# Good "neutral closed headphones" for producing, mixing mastering?



## candyman99 (Apr 11, 2016)

Hi,
Any suggestions? 
I've tried the recommended beyerdynamic dt 770 pro, with 80 and 250 ohm, but they are not neutral in my opiniom... 
I am still use the ultrasone HFI 650 trackmaster headphones since ober 10 years and they sounds so clear and neutral, but they will not last longer i think

I also tried the "high" recommended sol republic calvin harris headphones, but they are also sounds like crap... Sorry... But I want headphones they don't lie...

Thanks mates


----------



## muk (Apr 11, 2016)

It is more difficult to find 'neutral' closed headphones than open ones. If money is no issue give these a listen:

https://mrspeakers.com/ether/

Two cheaper models worth checking out are the Meze 99 Classic, and the ATH-M50x.


----------



## jmiliad (Apr 11, 2016)

After a good amount of research I bought the Audio Technica M40X. There's two new models after these but they're not as flat as this one. They're pretty good for the price and considering they're closed cans. Like most of headphones in that category though they're a little boosted on the high frequencies, although you should expect a little colouration in most closed headphones especially in that category.

Another amazing choice is the Etymotic earphones which are extremely neutral and noise cancelling.


----------



## col (Apr 11, 2016)

These guys have some good info on site and might be of relevance .

http://sonarworks.com/headphones/overview/

They sell individually calibrated phones as well.


----------



## colony nofi (Apr 11, 2016)

jmiliad said:


> Another amazing choice is the Etymotic earphones which are extremely neutral and noise cancelling.



I thought etymotic earphones were just noise reducing (via iscolation....)
I'm not sure I'd ever want to do any critical mixing with noise cancelling headphones.
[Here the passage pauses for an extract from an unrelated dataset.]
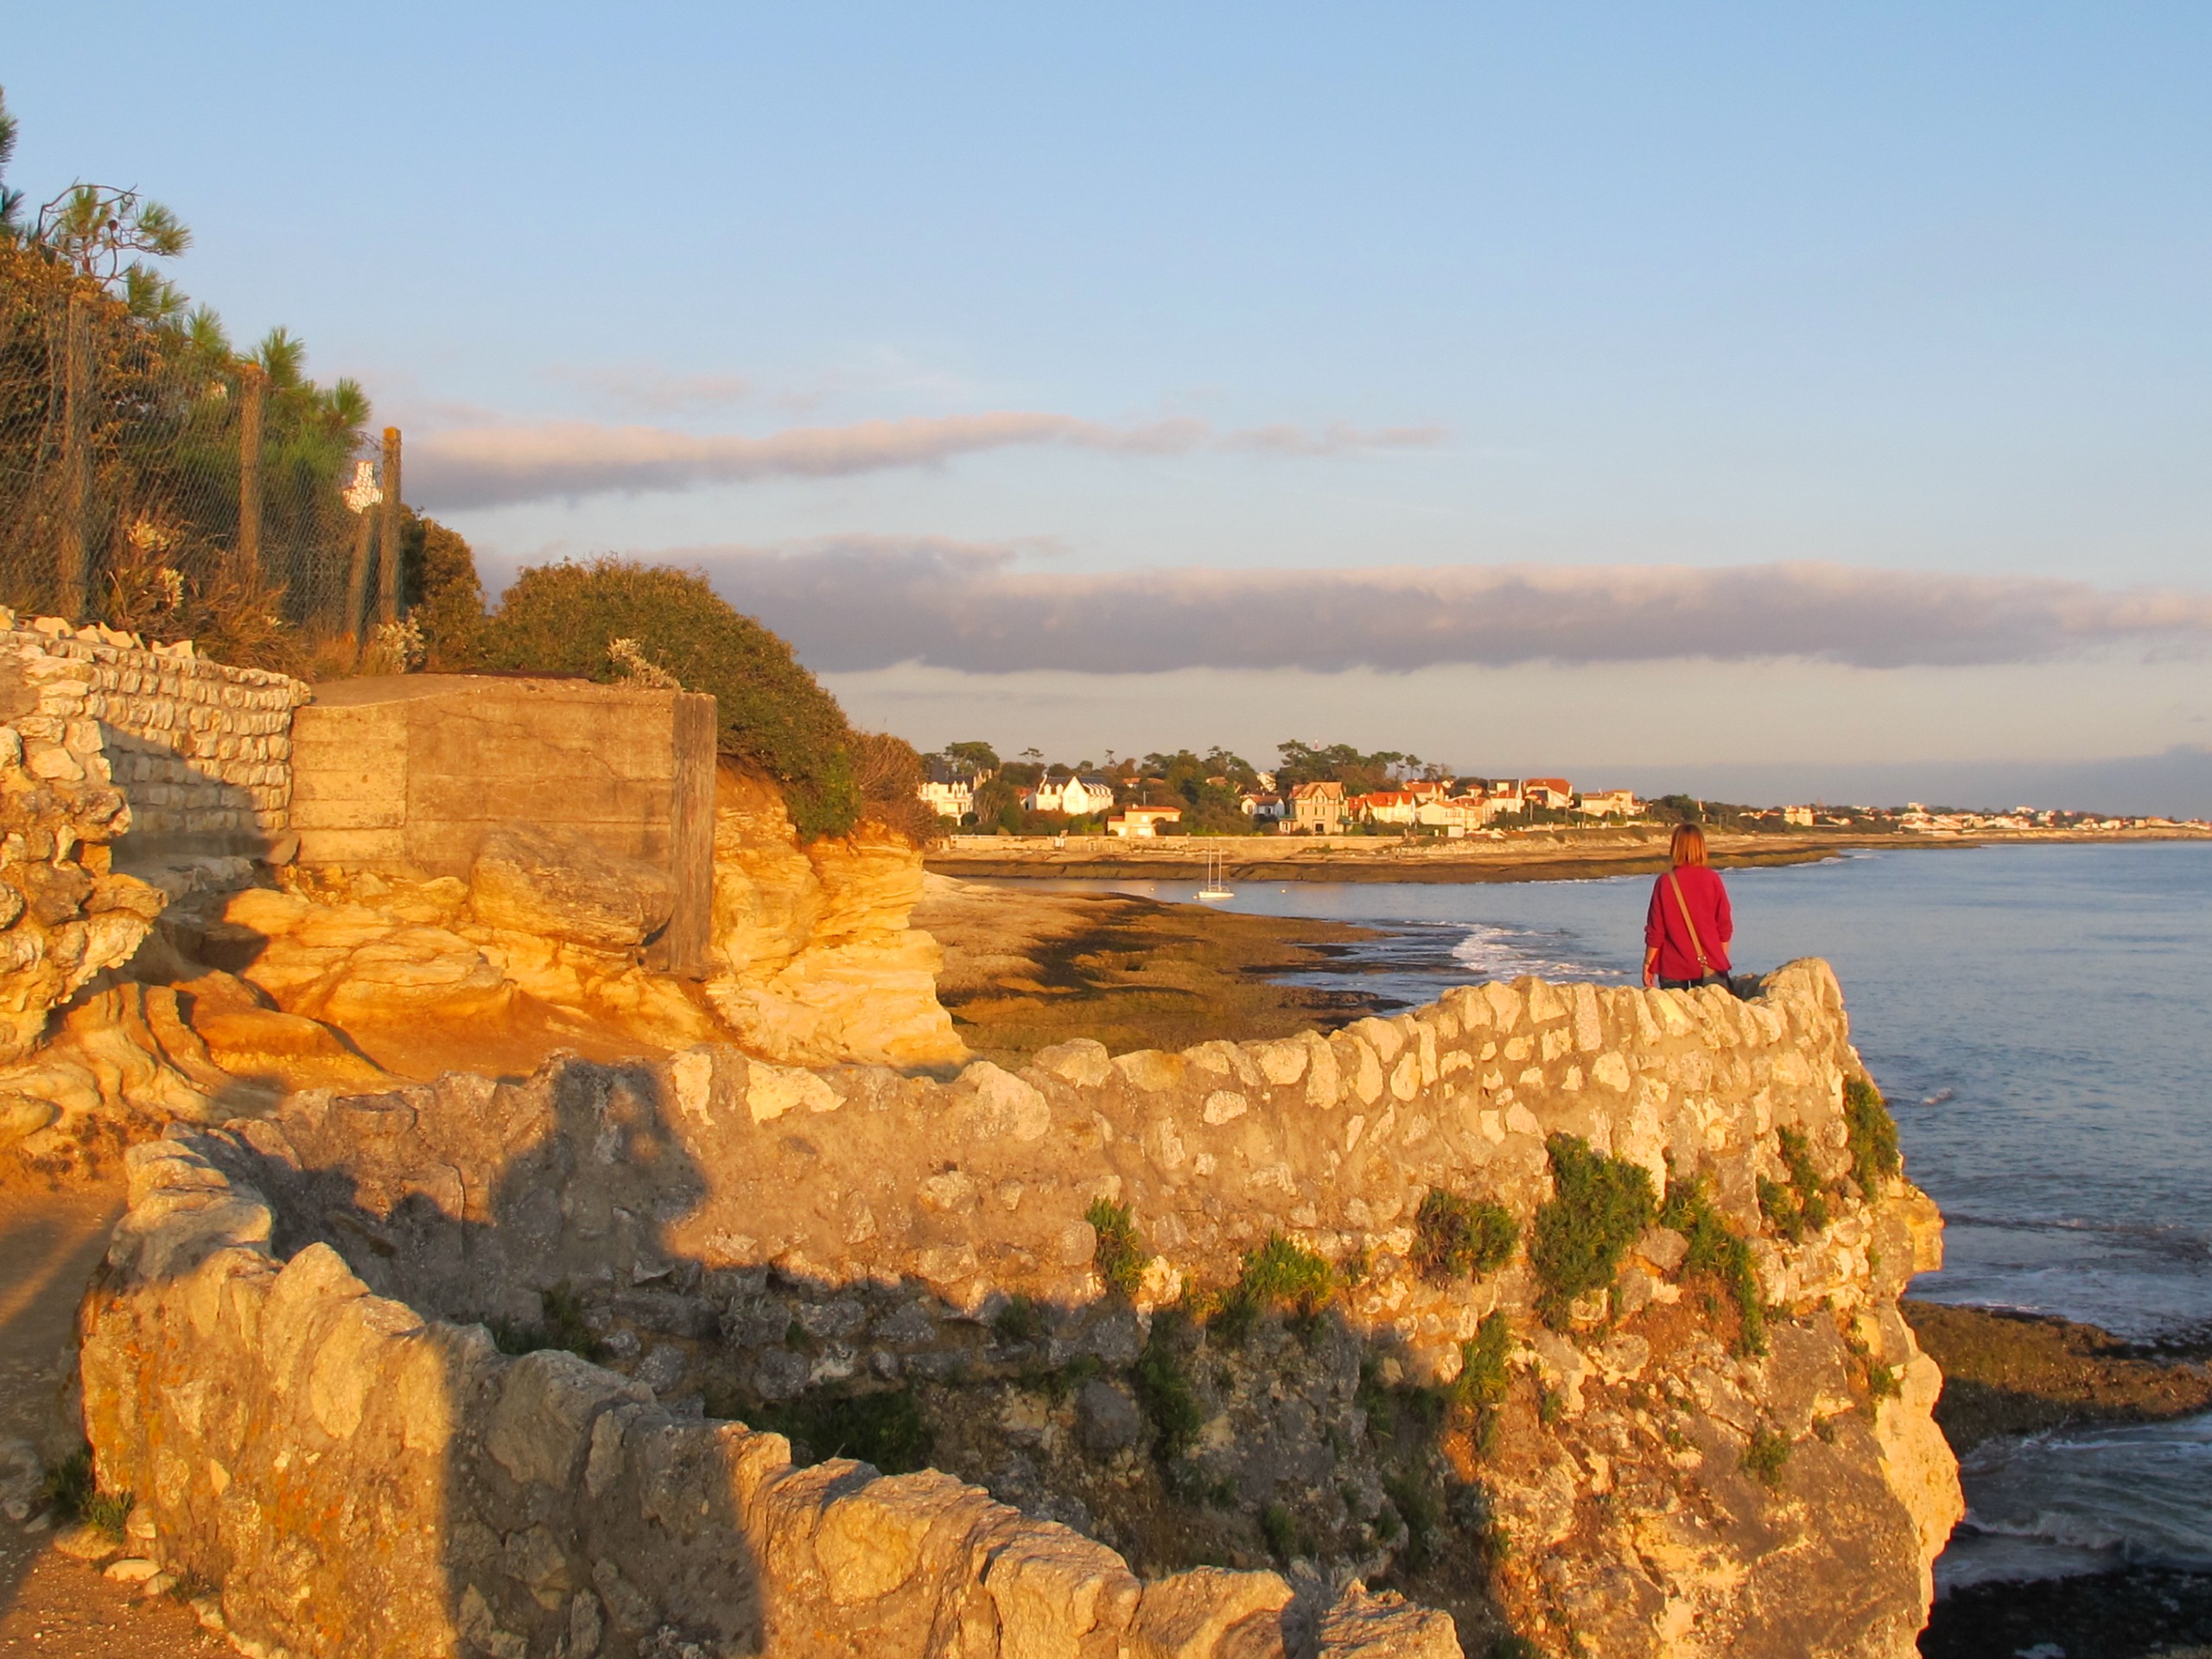 Atlantic Coast from La rochelle to Royan (self guided tour)-7-Day 7 • Sunset in Saint-Palais-sur-Mer © Jean-Claude Praire

I have two different bose pairs (over ear and their awesome ear buds) and they are cool for "working" sometimes in a noisy environment, but not for making critical audio decisions.
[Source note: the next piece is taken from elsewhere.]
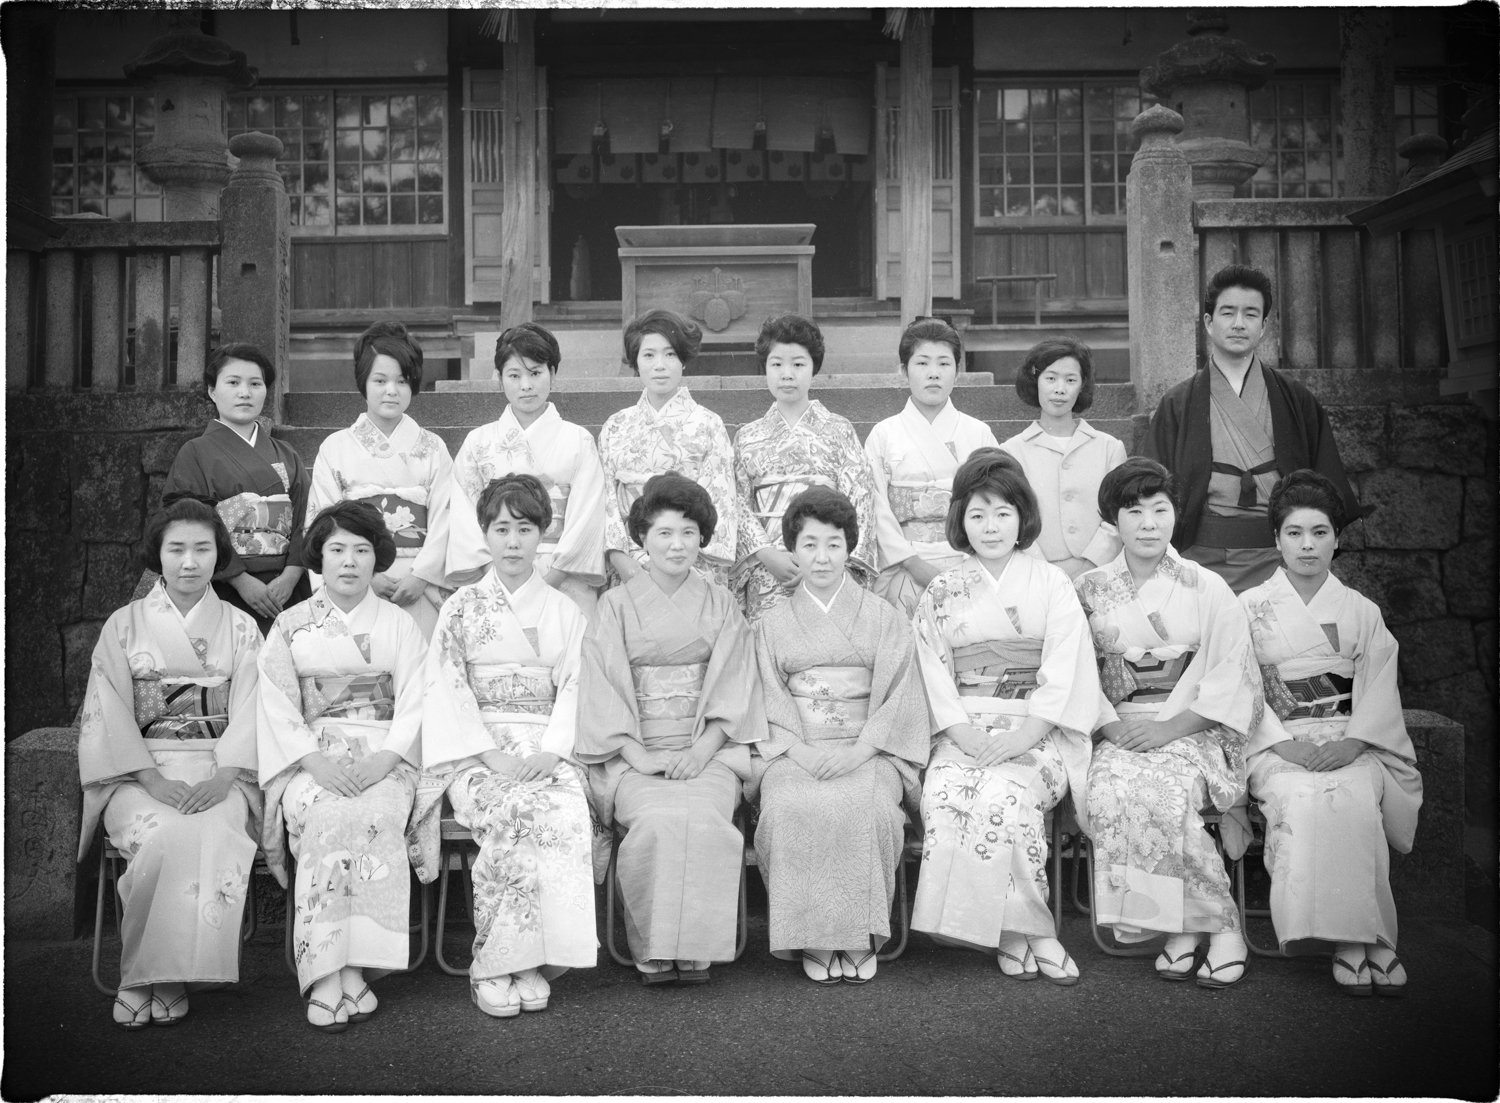 Portrait of a group of Japanese women in their traditional costume Photography Pierre Toutain-Dorbec #016 .jpg

I am a fan on AKG's - only because I have used them for many many years. Both open (240) and closed (280) models. However, having recently tried Audeze LCD 2's, I'm saving every penny I can. These completely flawed me. Incredible. I really could mix on these. (I tried them using software as well to help with spacial problems while mixing on cans....and I think that has its place as well)

HTH.


----------



## jmiliad (Apr 11, 2016)

colony nofi said:


> I'm not sure I'd ever want to do any critical mixing with noise cancelling headphones.



Why?


----------



## colony nofi (Apr 11, 2016)

jmiliad said:


> Why?


Active noise cancelling isn't a zero sum game for the audio material playing back. By its nature - some sounds are boosted or removed - its not in any way shape or form even close to neutral. 
When mixing you want to be working on as neutral monitors (MOST of the time anyway) as possible - be that headphones or speakers. 
There isn't a single set of noise cancelling headphones I've heard that come close to good enough quality to make critical mixing decisions on - but of course I may not have heard all of them.  It doesn't mean that something like the bose in-ears are not great to use when mucking around with ideas / composing etc - but not for critical mixing.
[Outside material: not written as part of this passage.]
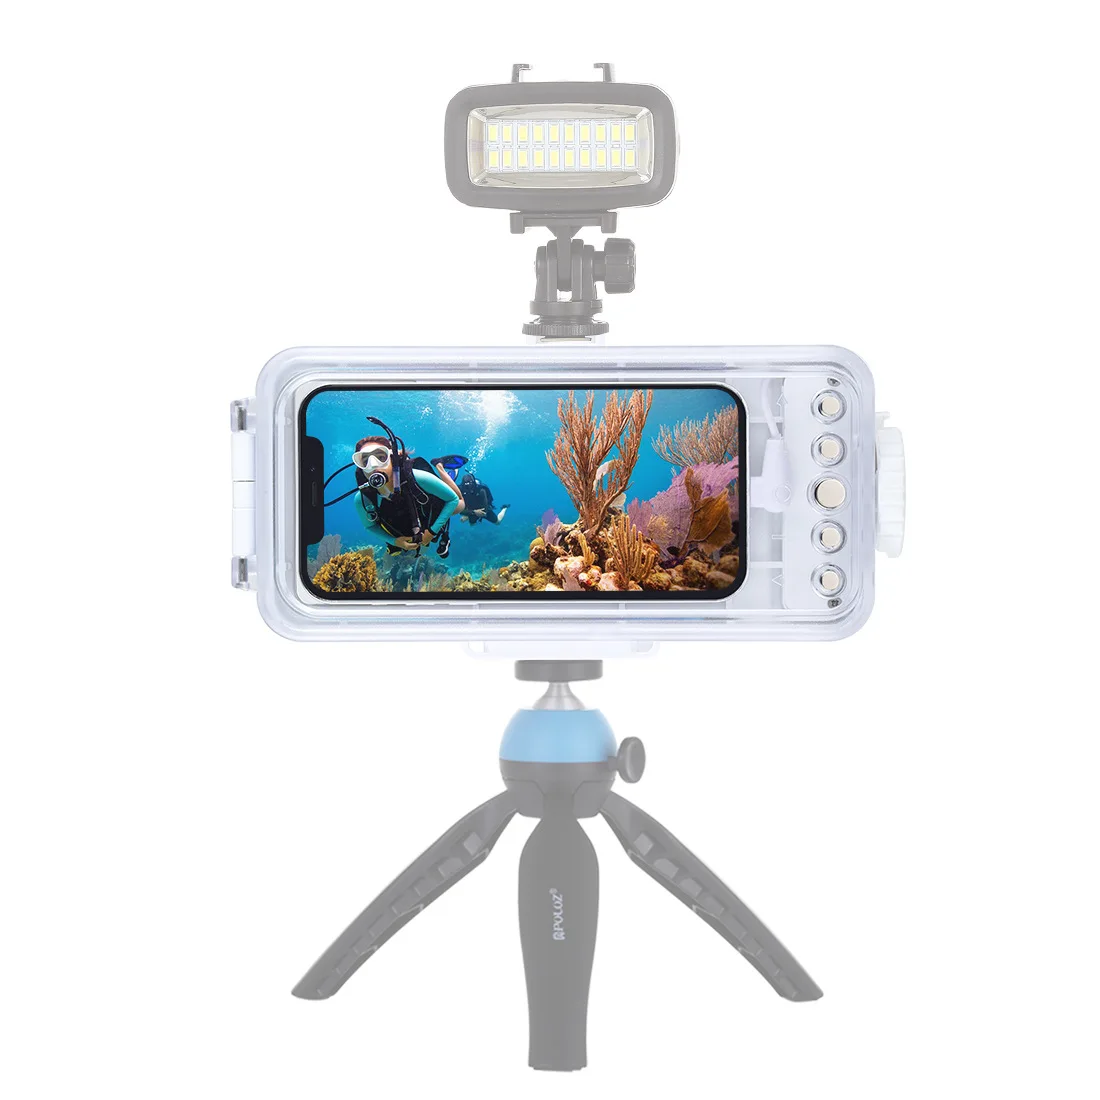 

45m/147ft Waterproof Diving Housing Photo Video Taking Underwater Cover Case for iPhone 13/12 for iOS 13.0 or Above Version

Also - the Audeze's i mentioned earlier are indeed open back (and I prefer mixing openback when on cans) but they do make a closed back version as well, but I have not used them.


----------



## Suganthan (Apr 12, 2016)

Here is something that help you to compare - www.headphone.com/pages/build-a-graph


----------



## Cowtothesky (Apr 12, 2016)

I just purchased the Audio Technica M70x and love it so far. The cans are flat (no boosted lows or highs) and perfect for mixing.


----------



## chimuelo (Apr 12, 2016)

Anything mass produced does not reflect your own ears.
Did you know software recognition using ear lobes and ears is used for identification?
Wow, what are the chances you hear differently than the other 2,000,000 people that set of cans was made for?
Answer 100%.

So if you write and sound like 2,000,000 other folks, its all good.
If you believe you are an individual get IEMs designed for your ears, not Joe Bob or Hadji.
Plus you can use them in your portable devices.
Also 50-60% lower dbs.
Moral of the story....
Your ears and eyes are not equal,
Let those 19th century coiled cable headphones die a good death by lack of demand.
They worked great back in WW1 WW2 even the Cold War.
This is 2016.

JHAudio is what they use on the big jobs....


----------



## passsacaglia (Apr 13, 2016)

I'd say ATH m50x is the best headphone Iv ever listened to...so far. That'd be my best shot, also after watched youtube comparisons over n over again.  Liked them more than 70x and 40's, but 40's is aaalmost pretty same like 50 but 50's are the top ones.


----------



## JohnRosso (May 7, 2016)

I used m50 a lot a few years ago. But then I get HD600, and for producing, mixing, etc. open back headphones is the best. Don't use m50 anymore, even tracking in HD600


----------



## Pixelee (May 12, 2016)

The m50x bottom end is messy compare to the srh1840. I had a friend who mixed on the m50x and his track sounded quite bass heavy and thick on consumer speakers.


----------



## pdub (May 12, 2016)

I Have the Focal Spirit Professional and I've been very happy with them.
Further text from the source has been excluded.